Q2 2026 | Financial Protection Planning
Following on from our Q1 newsletter, where we introduced the fundamentals of protection planning for clients, this quarter we take a closer look at three core policy types that are used in the marketplace.
- Whole of life
- Term Assurance
- Jumbo Insurance
Below is straightforward, fact driven information with no personal recommendations or advice.
Whole Of Life Policies
These types of policies provide coverage for the entire lifetime of the insured person. The insurer pays out a guaranteed lumpsum benefit whenever the insured passes away, provided premiums remain paid.
Premiums are fixed or can be reviewable and are generally higher than other protection options because the payout is certain and there are typically in-built flexibilities present.
Some Whole Of Life policies may accumulate a cash value over time that can be accessed under the policy terms and can depend on underlying fund performance.

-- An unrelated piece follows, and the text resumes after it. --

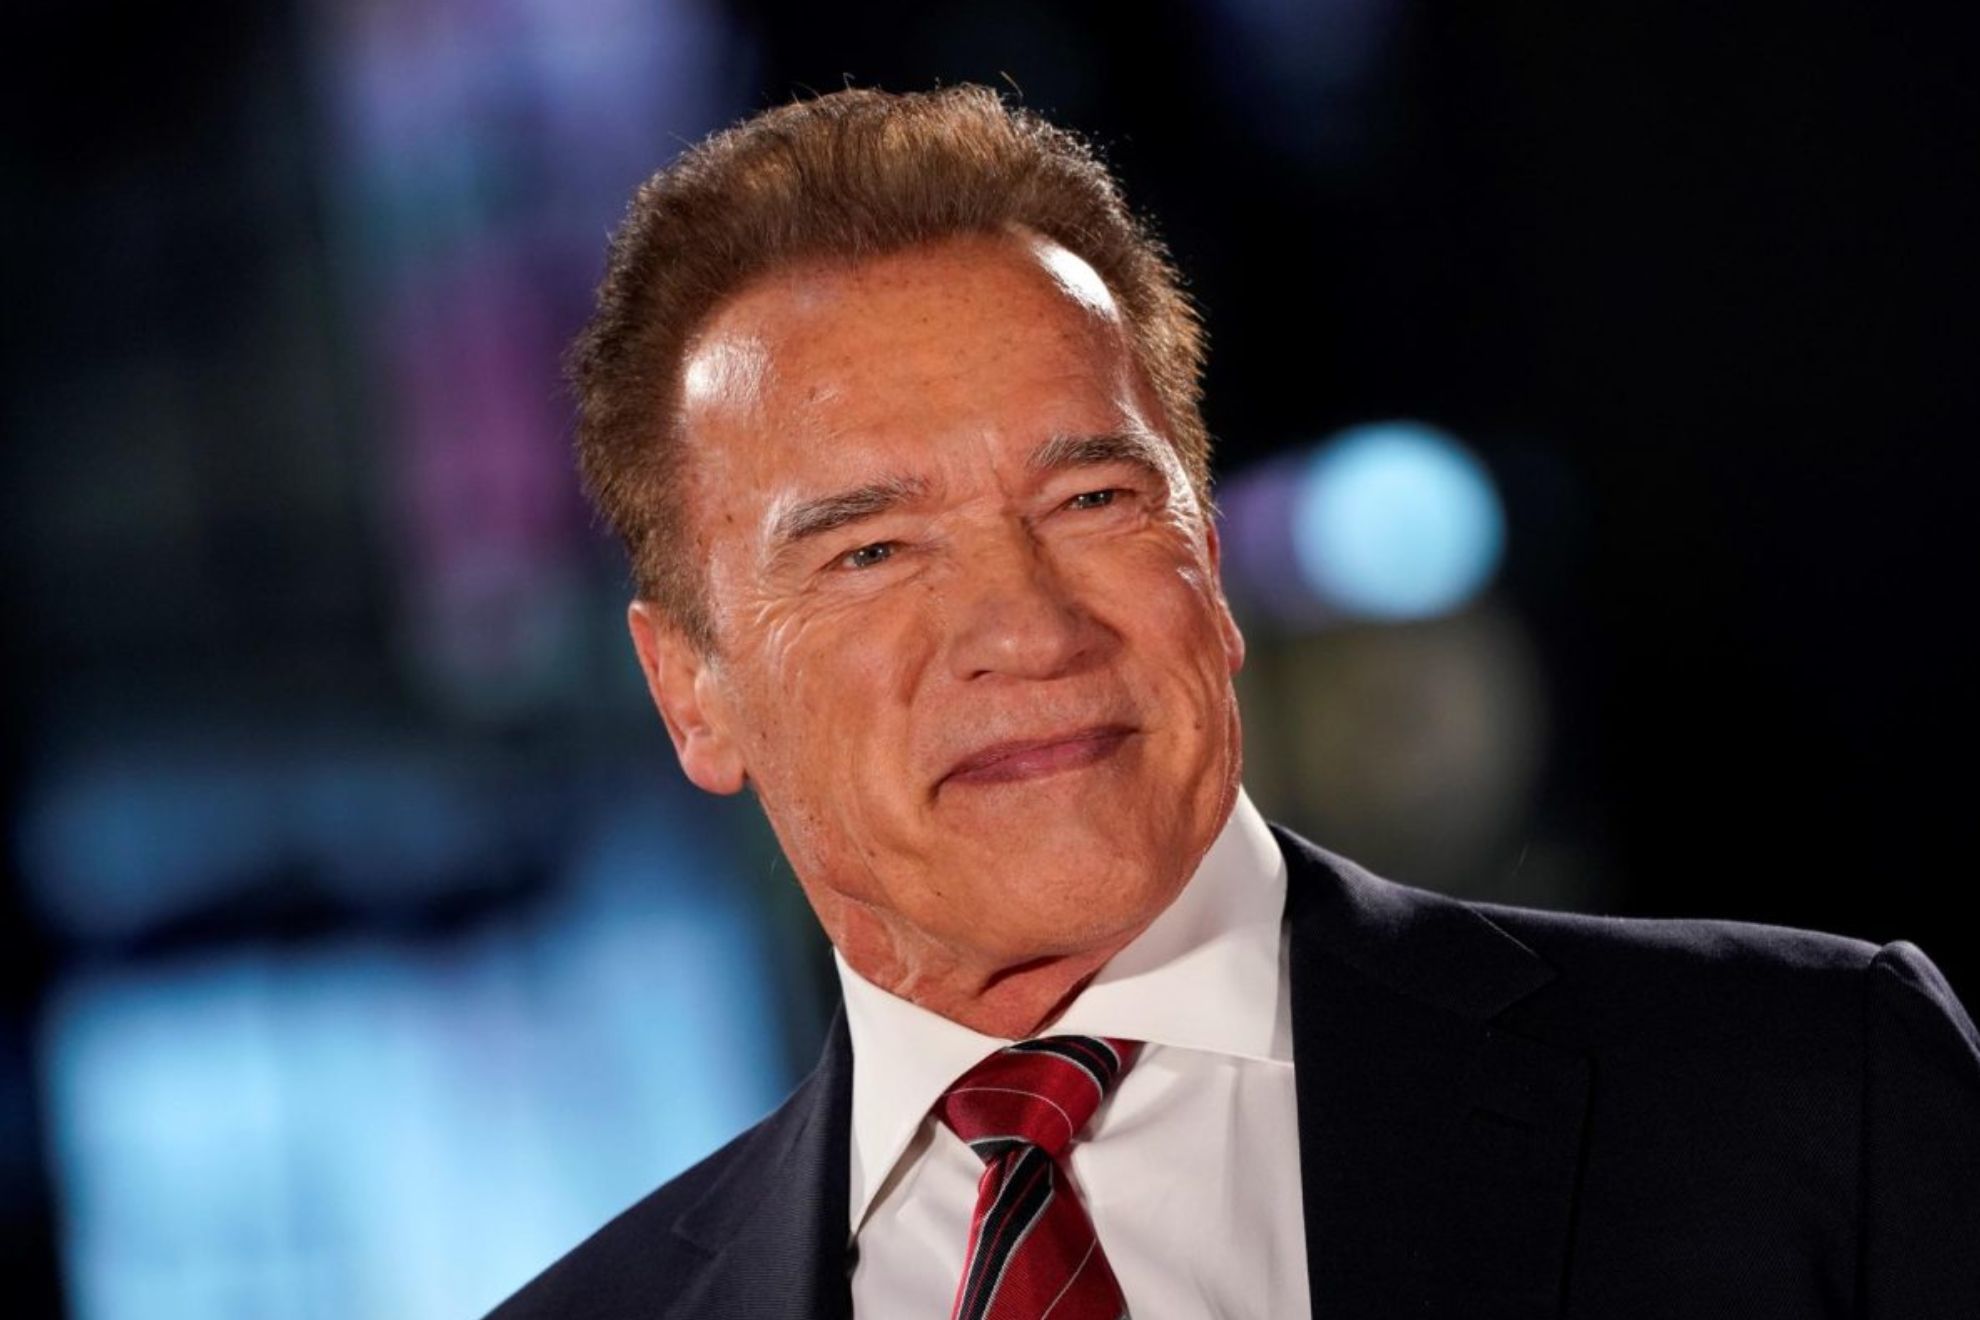 Arnold Schwarzenegger reveals he had a pacemaker fitted last week
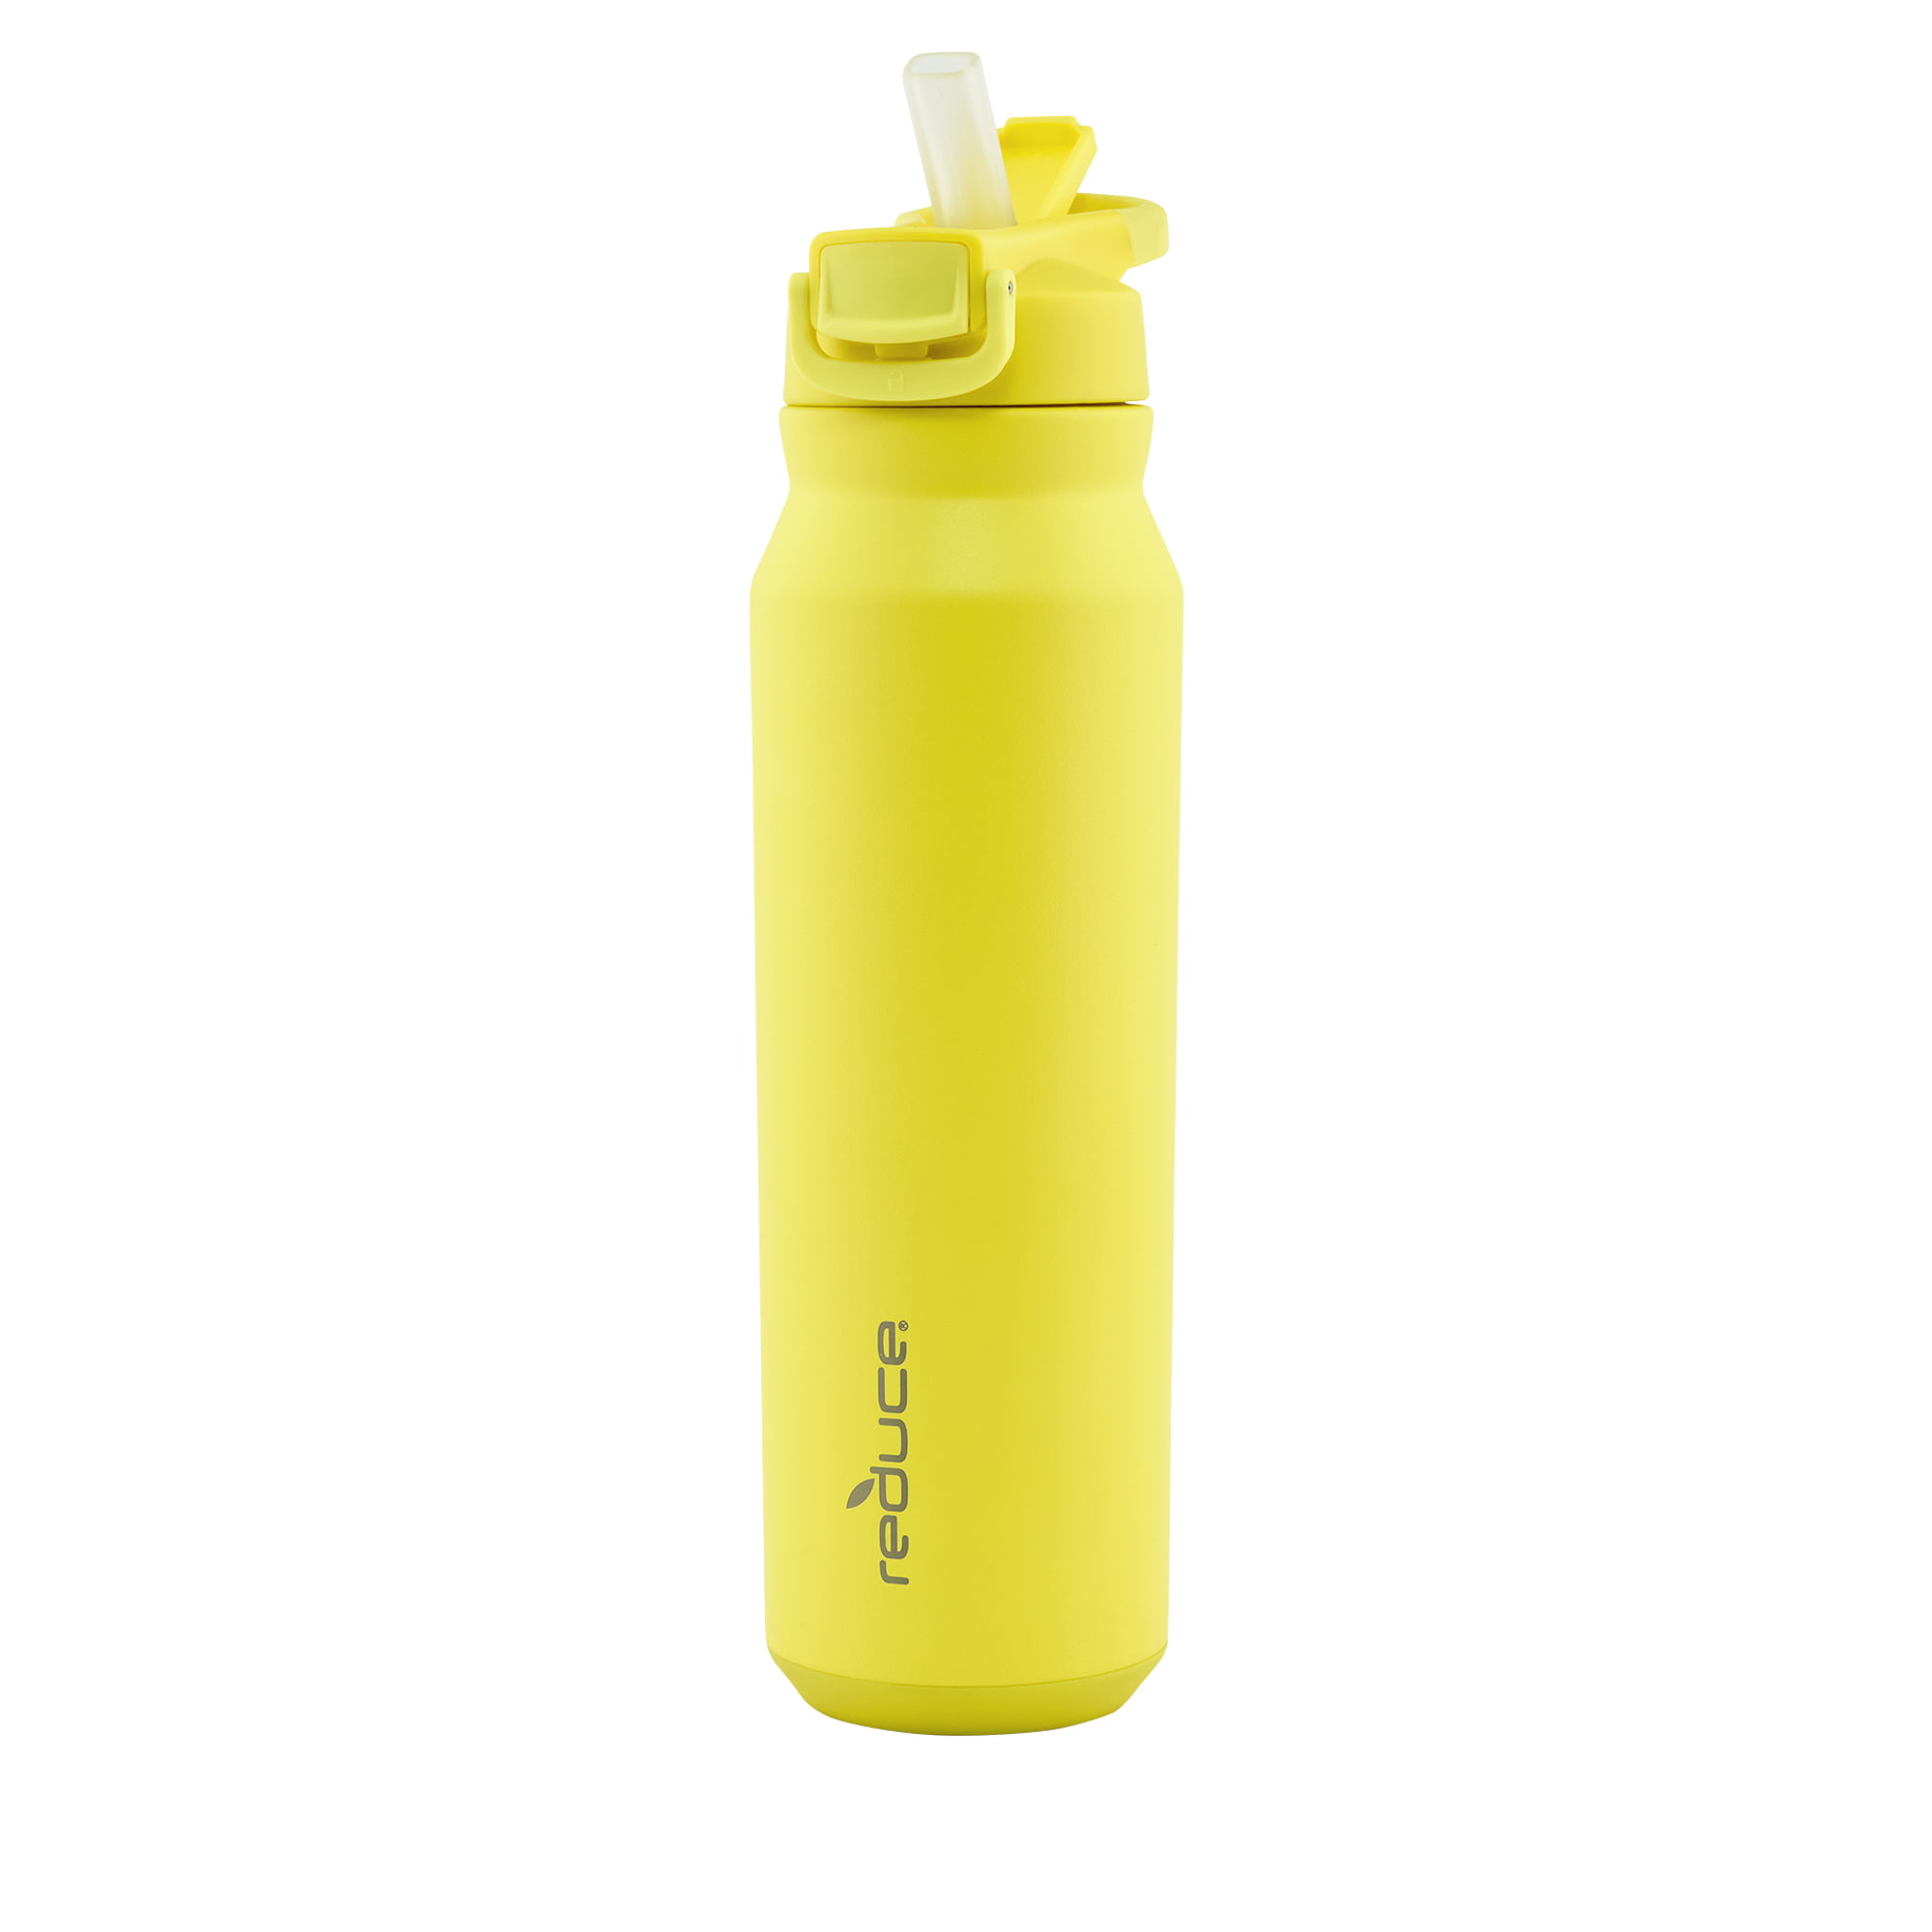 Rubbermaid Double Wall Insulated Water Bottle 17 oz - Yellow

These policies are typically recommended where a client wants ‘permanent’ personal protection in place and/or for long-term estate and succession planning.
Term Assurance Policies
These types of policies deliver protection for a specific, fixed period or ‘term’ for anywhere from 5 to 30+ years.
If the insured dies within the chosen term, the beneficiaries receive the agreed sum assured. If the insured survives the term, the policy simply expires with no payout.
Premiums are typically loser and more affordable because cover is ‘temporary’ and there is no guaranteed payout by the end of the policy.
Widely chosen for short to medium term family or business protection needs.
Jumbo Policies
These policies relate to high-value life insurance policies with very large sums assured which is often multi-million Dollar coverage.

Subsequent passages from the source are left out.